**WHAT THIS TASK INVOLVES**
Extract the full listing verbatim and drop any pictures from your copy.

**RECORDED INFORMATION**
'''

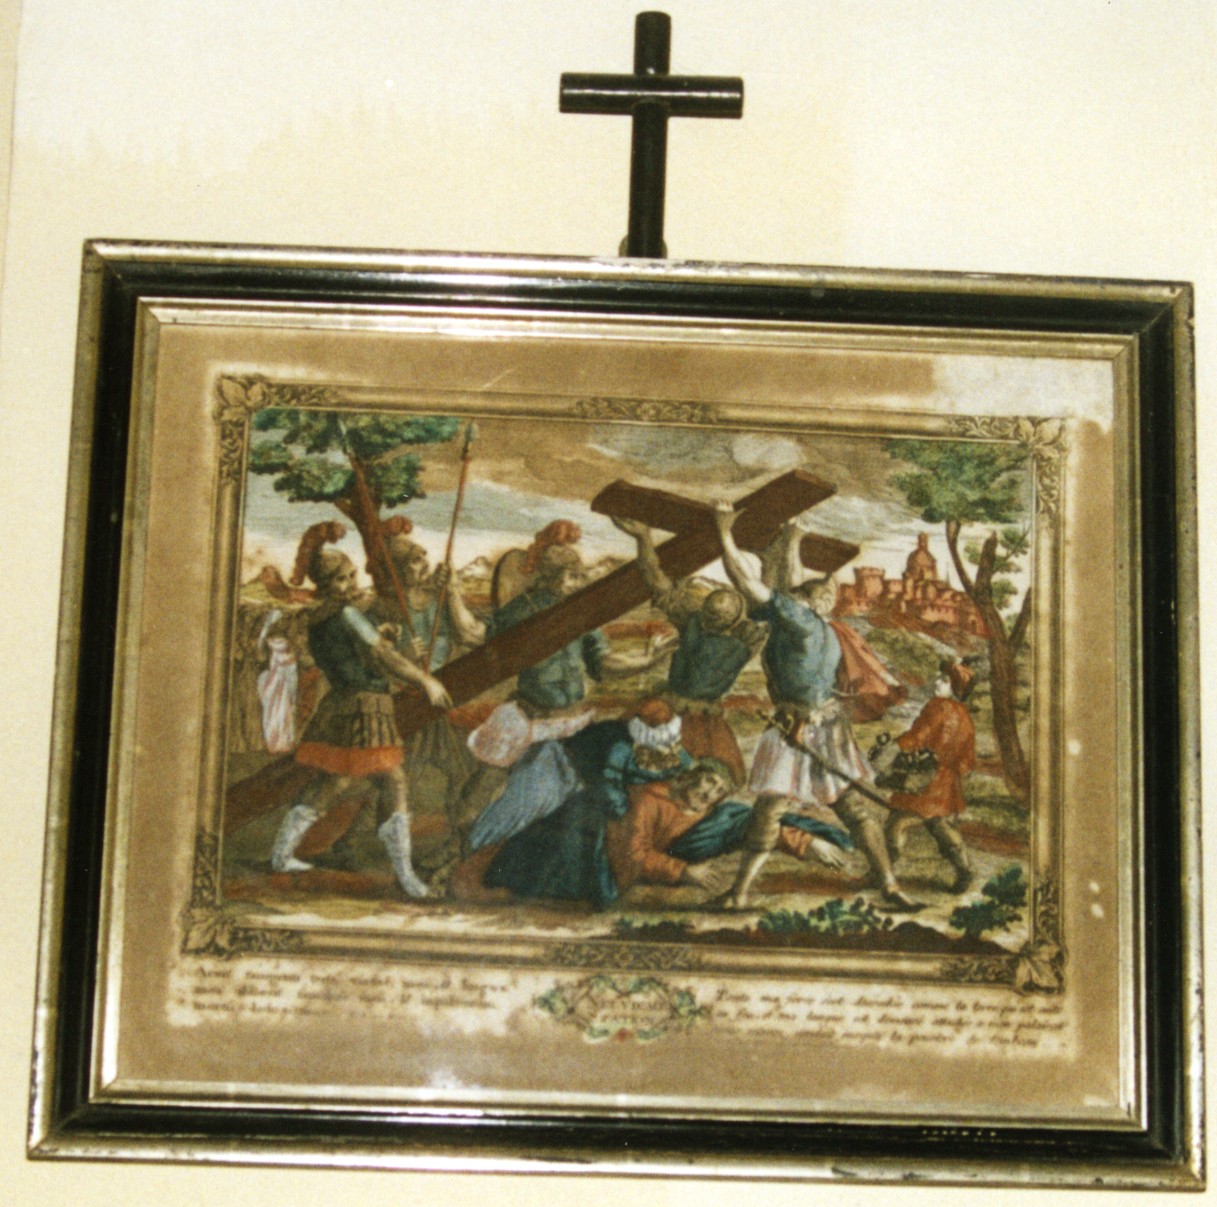 Stazione ix: gesù cade sotto la croce la terza volta (via crucis)
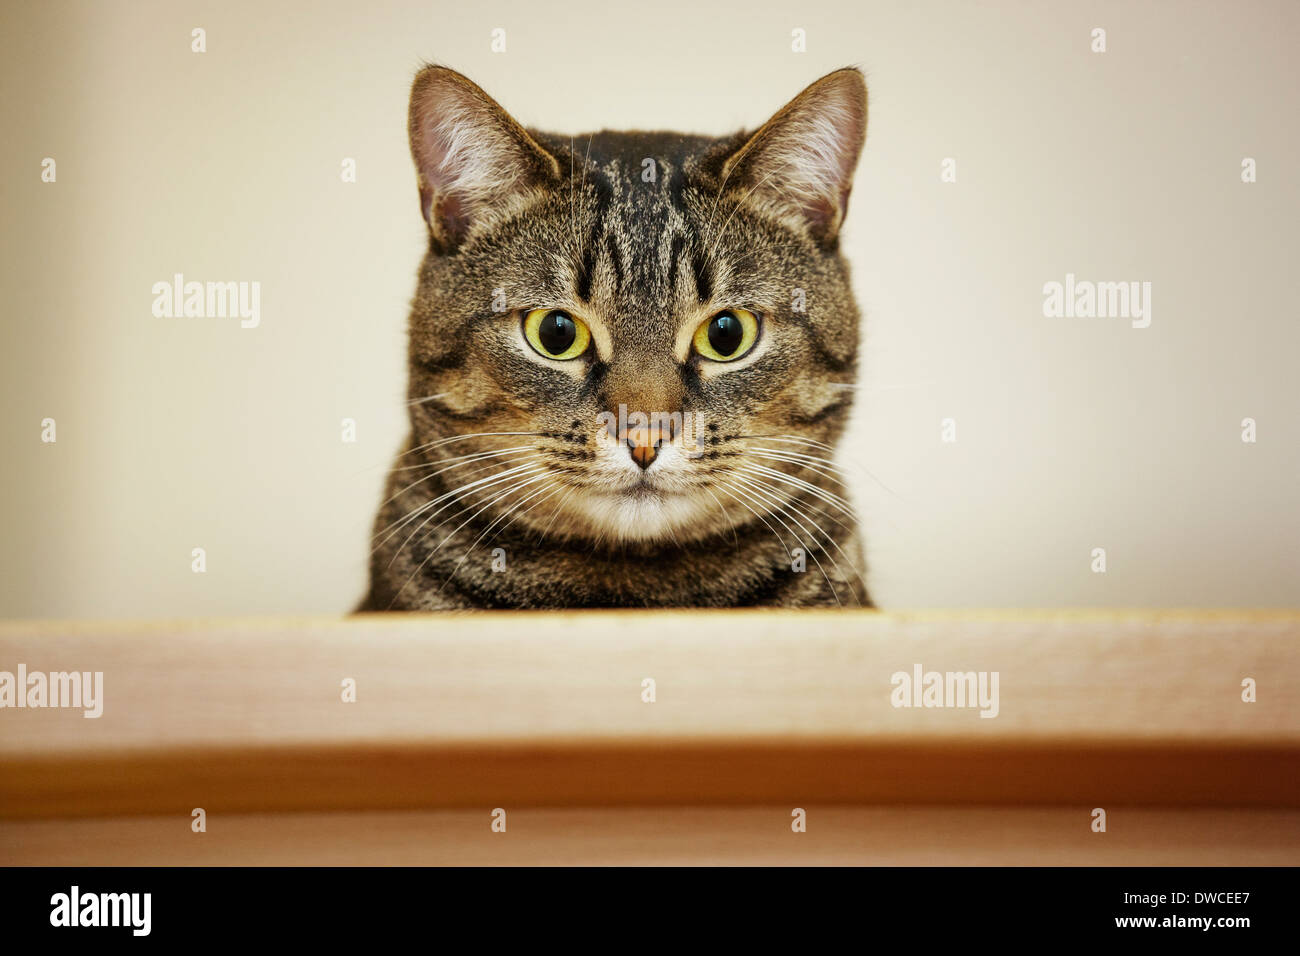 Close up ritratto di gatto domestico con sgombri tabby pattern Foto Stock
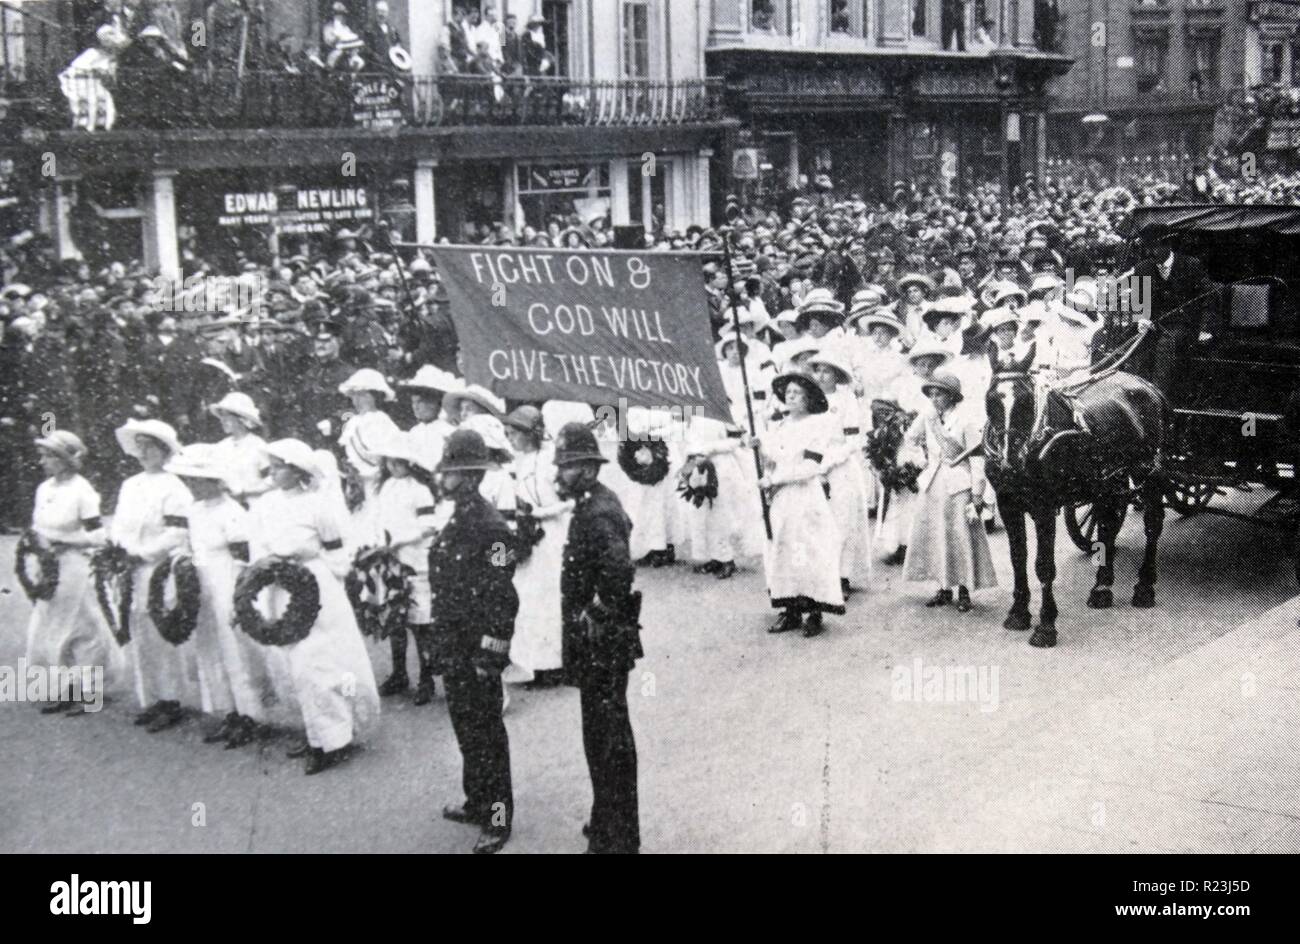 Beim Derby im Juni 1913 eine Suffragette namens Emily Davison warf sich vor Pferd des Königs an Tattenham Ecke und starb an den Verletzungen, die sie empfing. Ihre Beerdigung wurde anlässlich einer Suffragette Parade gemacht. Stockfoto
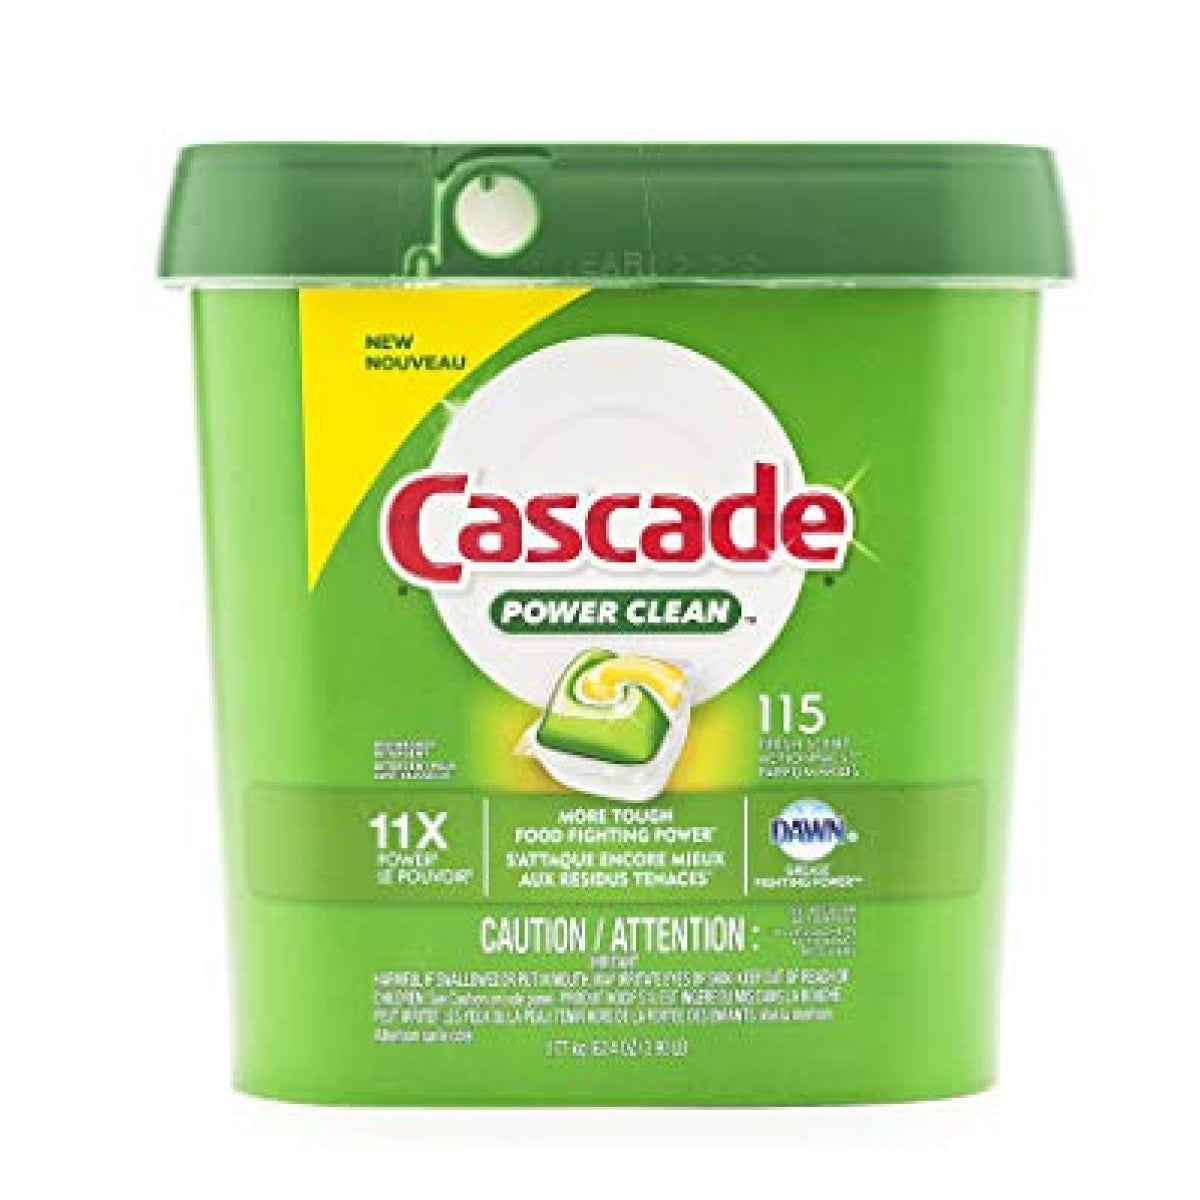 Cascade Power Clean Dishwasher Detergent, 115 tablets

'''

**ANSWER FOR THIS EXERCISE**
 Stazione ix: gesù cade sotto la croce la terza volta (via crucis)
 Close up ritratto di gatto domestico con sgombri tabby pattern Foto Stock
 Beim Derby im Juni 1913 eine Suffragette namens Emily Davison warf sich vor Pferd des Königs an Tattenham Ecke und starb an den Verletzungen, die sie empfing. Ihre Beerdigung wurde anlässlich einer Suffragette Parade gemacht. Stockfoto
 Cascade Power Clean Dishwasher Detergent, 115 tablets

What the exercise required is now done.